El fenómeno me retrotrae a la anécdota de Primo de Rivera, el dictador, y la respuesta de Alfonso XIII. Durante una visita de este en Barcelona su Mussolini, así lo llamó en más de una ocasión, remarcó la abundancia de banderas españolas colgadas en las ventanas, con el monarca respondiéndole que él veía más aquellas donde no lucían.
Los balcones ausentes de las teles compradas en los chinos, sin duda los grandes beneficiados a nivel económico de toda esa locura, eran los más lúcidos desde la conciencia de no pertenecer a nadie y vivir libres, sin la presión de gastar sus sueldos en ropa que podía emplearse como toldo o un buen mantel para la mesa del comedor.
En algunos lugares del país vemos esteladas gastadas por el efecto de tantos años de viento. Hace meses que no visito el Born barcelonés, donde a Quim Torra, el punto más bajo de los presidentes de este siglo, le vino en gana meter una inmensa bandera, como si el espacio, que ahora quiere ser plural y ojalá lo consiga, fuera el Valle de los Caídos de la ciudad Condal.
Da un poco de miedo, ¿verdad? Pues y es real. Por eso me deja algo perplejo la operación Ciutadella en el homónimo parque, en el que se ha izado una de más de cincuenta metros con un coste de noventa mil euros, lo que es condenable al 100&, pues un mandatario socialista debería destinar esos euros a otras causas, pero ya hemos comprobado, hasta lo critiqué en estas mismas páginas, como Salvador Illa cultiva cierta afición a lucir la senyera sin otras compañías lógicas y constitucionales, españolas y europeas.
El acto en el parque de la Expo de 1888 puede evocar otras astracanadas nacional populistas bien peligrosas, como la bandera de plaza Colón de Madrid. De estar vivo, Josep Pla se hubiera reído del asunto diciendo que los políticos vuelven a jugar a ver quien la tiene más grande. Le daríamos la razón. Pese a ello, en un acto inesperado de infinita bondad, procederé a ejecutar un mínimo ejercicio de empatía, pues Illa, en general, adora mover ficha para aquellos que no son los suyos.

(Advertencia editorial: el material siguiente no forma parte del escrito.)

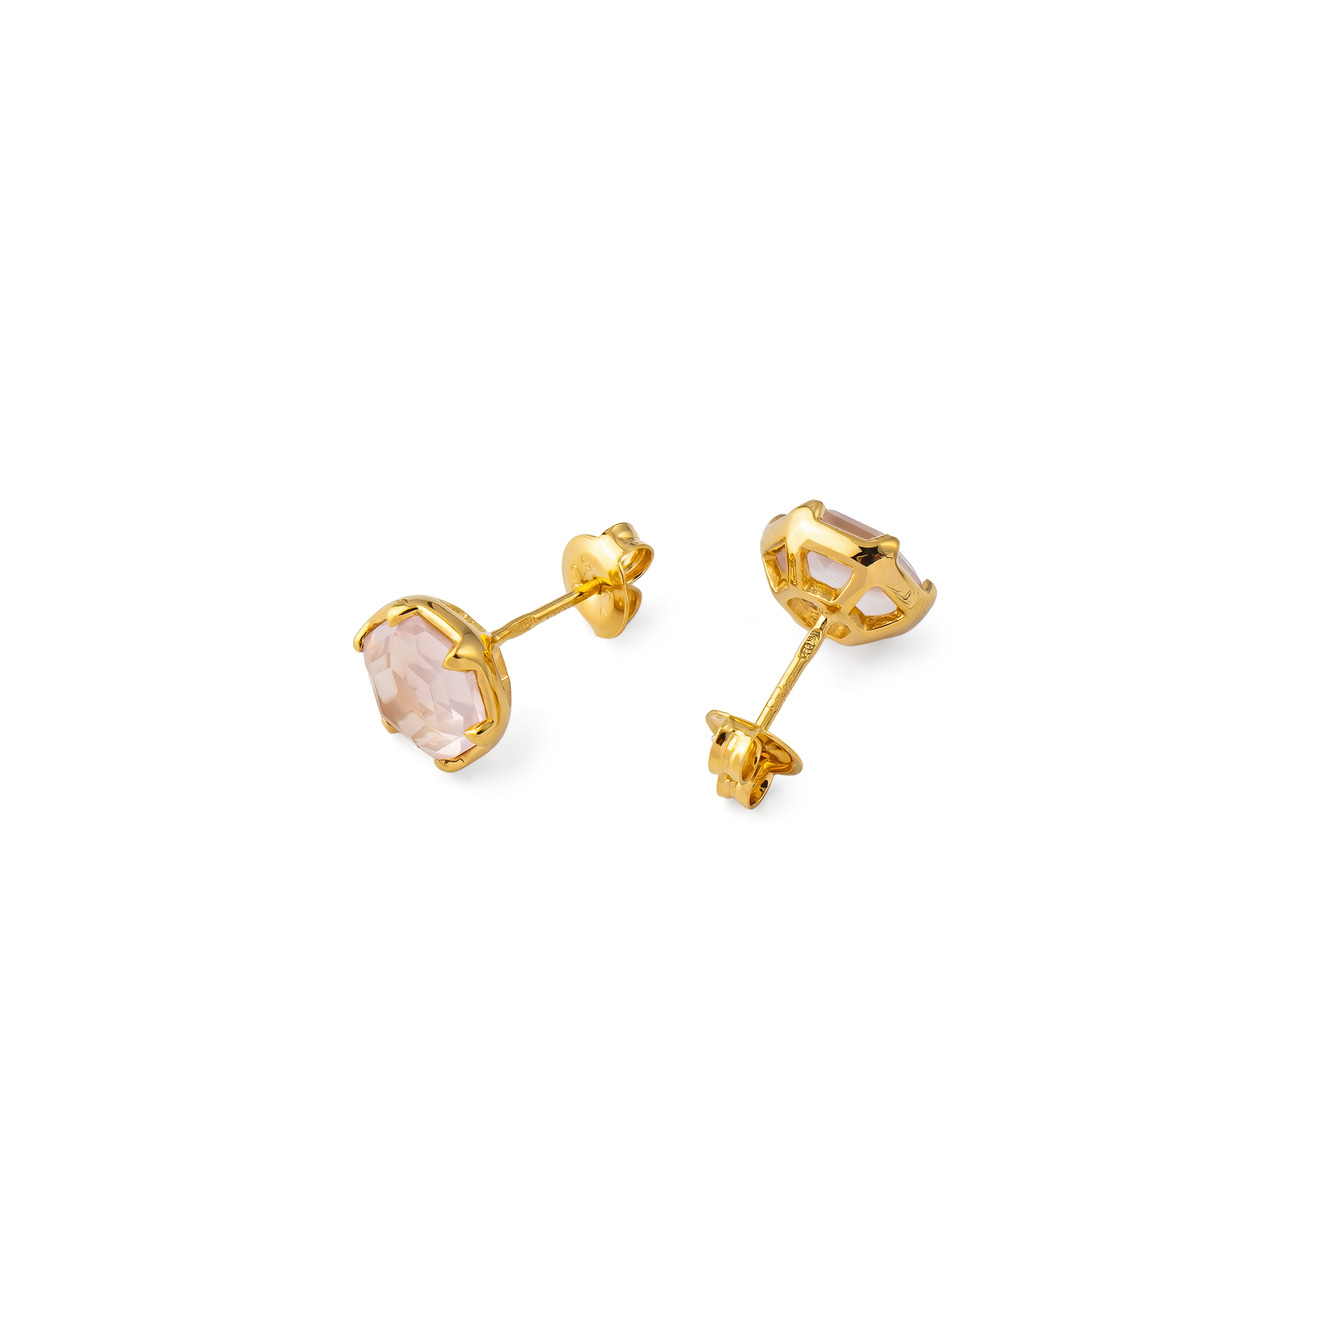 wisteria gems позолоченые серьги из двух квадратных камней лимонного и розового кварца Wisteria Gems Позолоченые серьги-шестиугольники из серебра из розового кварца

Lo comprobamos con el viaje a Bruselas para reunirse con el fugado Puigdemont, como antes lo sufrimos con la imperdonable imagen de estrechar la mano a Jordi Pujol. La cita belga con el hombre de Amer entra dentro del plan de pasar página y este es el sentido positivo del encuentro, además de su enlace, nada imprevisible, con la cuestión de la bandera.
Que, no lo olvidemos, es una senyera, no una estelada de esas colgadas en los jardines de los pueblos de la Catalunya profunda. Estos no habrán dado mucha trascendencia al homenaje barcelonés, donde el líder socialista se acompañó del figurante Collboni, aficionado a las fotos para compensar la ausencia de acciones reales de gobierno, y el president del Parlament, Josep Rull, antes y ahora uno de los talibanes, más sonados, que no locos, de la formación llamada Junts, la misma que esconde su logo en su sede, como si tuviera miedo no sabemos muy bien de qué ni de quién, pues elección tras elección cosecha resultados que le dan llaves para alzar o tumbar consistorios nacionales, autonómicos o municipales.
Quizá Illa sueña con la sociovergència. Es posible. Por ahora, por cuestiones de tamaño, que dicen suele importar, le ha colado un gol al viejo convergente, que ha aceptado con honores la senyera, símbolo de la Catalunya constitucional. Quizá, poco a poco, y con más habilidad de la que se le supone, el socialista se acerca a su meta de dejar atrás sin ira la pesadilla.